Returns a date incremented or decremented by the given amount in the given unit of time. The available units are: ‘hours’ (or ‘hour’ or ‘h’), ‘minutes’ (or ‘minute’ or ‘min’), ‘seconds’ (or ‘second’ or ‘s’), ‘years’ (or ‘year’), ‘months’ (or ‘month’), ‘days’ (or ‘day’ or ‘d’), ‘weeks’ (or ‘week’ or ‘w’)

now() date¶

Returns the current time

trunc(date d, string unit) date¶

Truncates a date to a given unit. The available units are: ‘hours’ (or ‘hour’ or ‘h’), ‘minutes’ (or ‘minute’ or ‘min’), ‘seconds’ (or ‘second’ or ‘s’), ‘years’ (or ‘year’), ‘months’ (or ‘month’), ‘days’ (or ‘day’ or ‘d’), ‘weeks’ (or ‘week’ or ‘w’)

Math functions ¶

abs(number d) number¶

Returns the absolute value of a number

acos(number d) number¶

Returns the arc cosine of an angle, in the range 0 through PI

asin(number d) number¶

Returns the arc sine of an angle in the range of -PI/2 through PI/2

atan(number d) number¶

Returns the arc tangent of an angle in the range of -PI/2 through PI/2

atan2(number x, number y) number theta¶

Converts rectangular coordinates (x, y) to polar (r, theta)

ceil(number d) number¶

Returns the ceiling of a number

combin(number n, number k) number¶

Returns the number of combinations for n elements as divided into k

cos(number d) number¶

Returns the trigonometric cosine of an angle

cosh(number d) number¶

Returns the hyperbolic cosine of a value

dec2hex(long) string¶

Returns an hexadecimal representation of the input number

degrees(number d) number¶

Converts an angle from radians to degrees.

even(number d) number¶

Rounds the number up to the nearest even integer

exp(number n) number¶

Returns the exponential of a number

fact(number i) number¶

Returns the factorial of a number

factn(number i) number¶

Returns the factorial of a number

floor(number d) number¶

Returns the floor of a number

gcd(number d, number e) number¶

Returns the greatest common denominator of the two numbers

hash(string) long¶

Returns a 64 bits numerical hash of the input (not crypto-secure)

hex2dec(string) long¶

Returns a decimal representation of an hexadecimal string

lcm(number d, number e) number¶

Returns the greatest common denominator of the two numbers

ln(number n) number¶

Returns the natural log of a number

log(number n) number¶

Returns the base 10 log of a number

max(number a, number b) number¶

Returns the greater of two numbers

min(number a, number b) number¶

Returns the smaller of two numbers

mod(number a, number b) number¶

Returns a modulus b

multinomial(number d1, number d2 …) number¶

Calculates the multinomial of a series of numbers

odd(number d) number¶

Rounds the number up to the nearest odd integer

pow(number a, number b) number¶

Returns a to the power of b

quotient(number numerator, number denominator) number¶

Returns the integer portion of a division

radians(number d) number¶

Converts an angle in degrees to radians

rand(optional int min, optional int max) double or int¶

Without arguments, returns a random float between 0 and 1. With min and max arguments, returns a random integer between min (inclusive) and max (exclusive)

round(number n) number¶

Returns the rounding of number to the nearest integer

sin(number d) number¶

Returns the trigonometric sine of an angle

sinh(number d) number¶

Returns the hyperbolic sine of an angle

sum(array a) number¶

Sums the numbers of an array. Skips non-number elements from the array.

tan(number d) number¶

Returns the trigonometric tangent of an angle

tanh(number d) number¶

Returns the hyperbolic tangent of a value

toNumber(o) number¶

Returns o converted to a number

Object functions ¶

hasField(o, string name) boolean¶

Returns whether o has field name

htmlAttr(Element e, String s) string¶

Selects a value from an attribute on an Html Element

htmlText(Element e) string¶

Selects the text from within an element (including all child elements)
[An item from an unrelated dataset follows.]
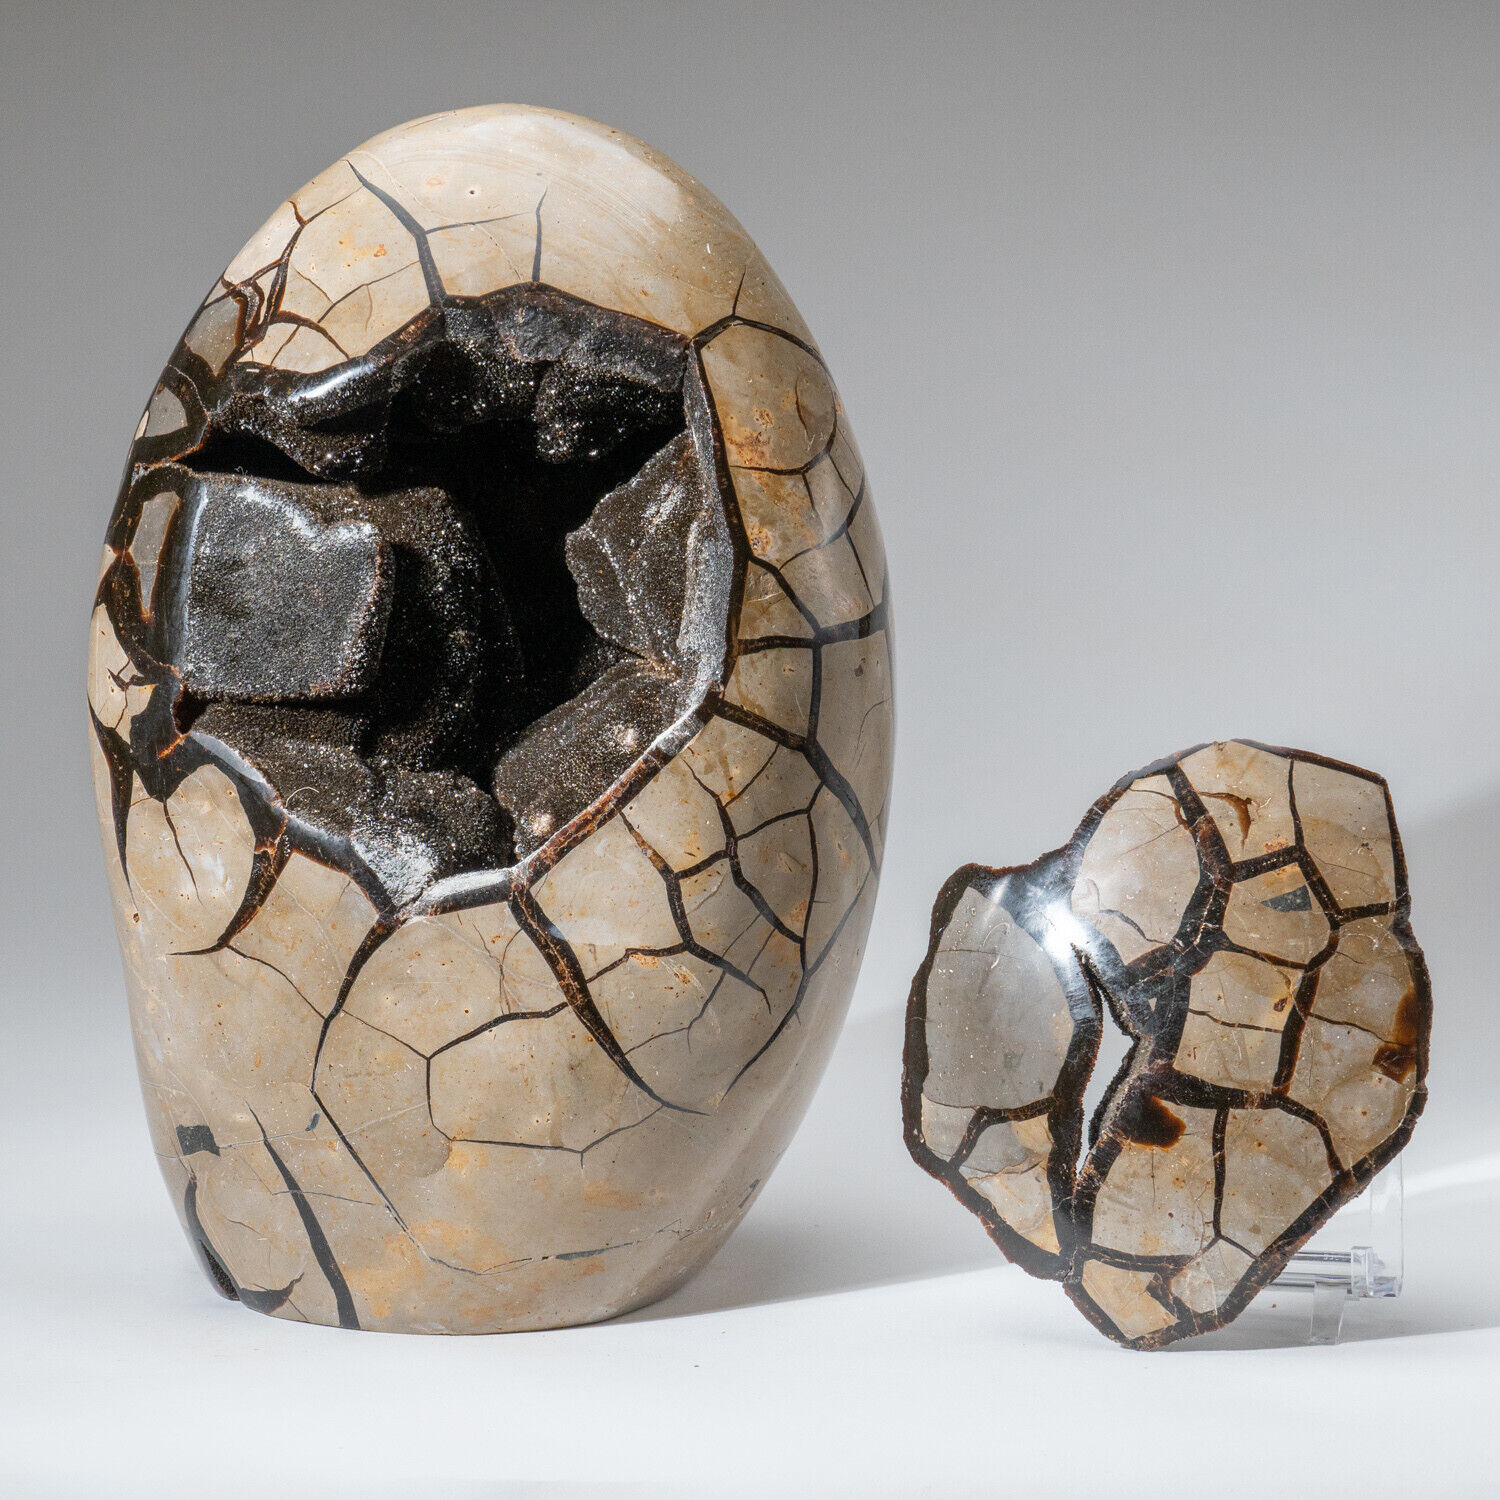 Polished Lrge Septarian Druzy Geode Egg from Madagascar (35 lbs)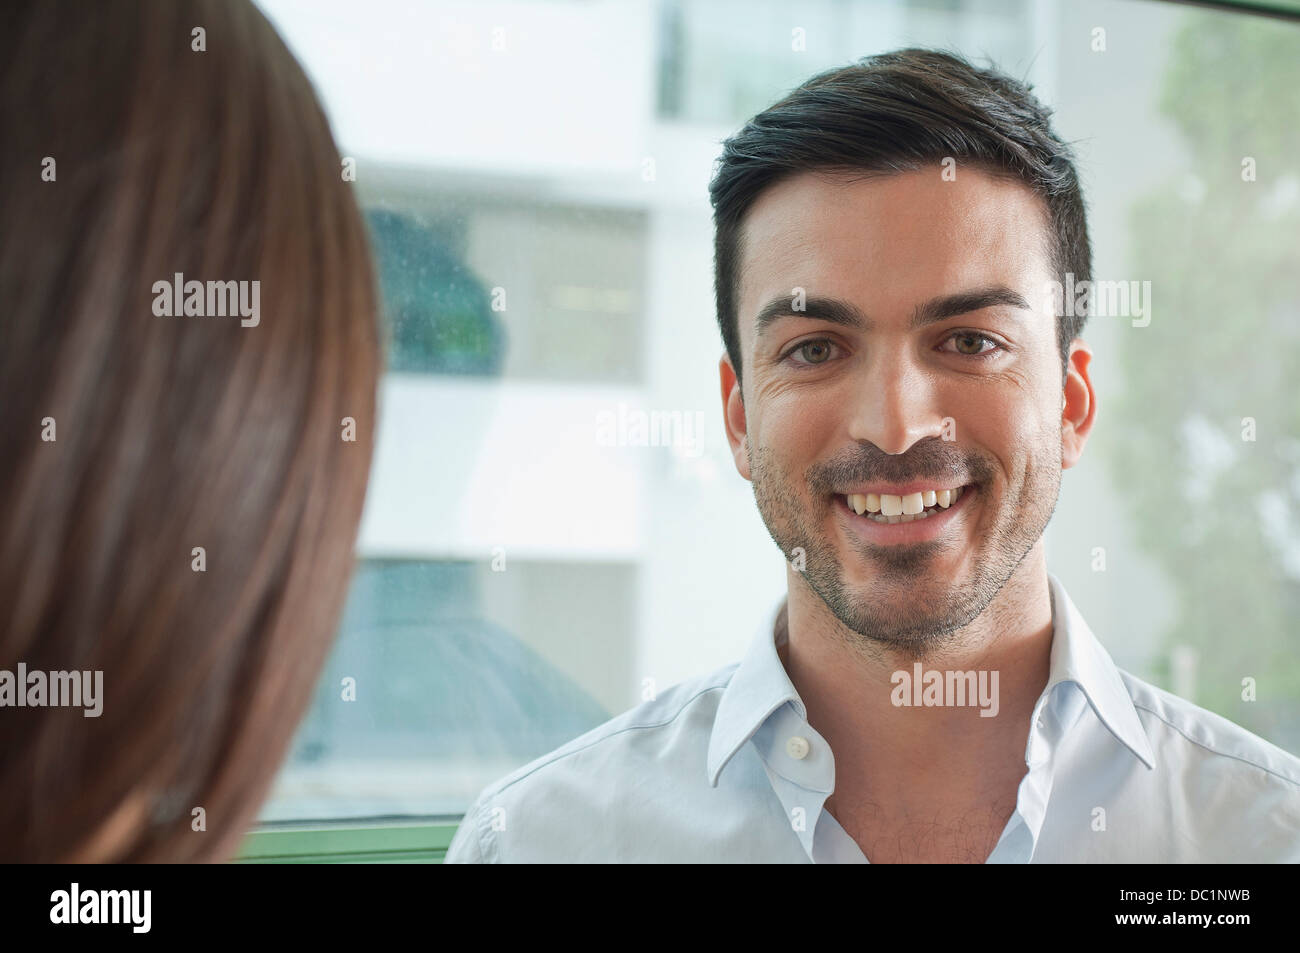 Portrait of smiling young male office worker Banque D'Images

innerHtml(Element e) string¶

The innerHtml of an HTML element

jsonize(value) JSON literal value¶

Quotes a value as a JSON literal value

objectDel(key, [key…]) object¶

Removes one or several keys from an object and returns it. The keys must not be null

objectNew(k1, v1, k2, v2, …) object¶

Creates a new object, optionally pre-filled with key/values. Must get an even number of arguments, as successive key-value pairs. Giving 0 arguments is possible and will return an empty object (you can use objectPut to add to it)

objectPut(object o, key, value) object¶

Adds a key/value pair to an object and returns it. key must not be null

ownText(Element e) string¶

Gets the text owned by this HTML element only; does not get the combined text of all children.

parseHtml(string s) HTML object¶

Parses a string as HTML

parseJson(string s) object or array¶

Parses a JSON string as an object or array

select(Element e, String s) HTML Elements¶

Selects an element from an HTML elementn using selector syntax

type(object o) string¶

Returns the type of o

String functions ¶

chomp(string str, string tail) string¶

Removes tail from the end of str if it’s there, otherwise leave it alone.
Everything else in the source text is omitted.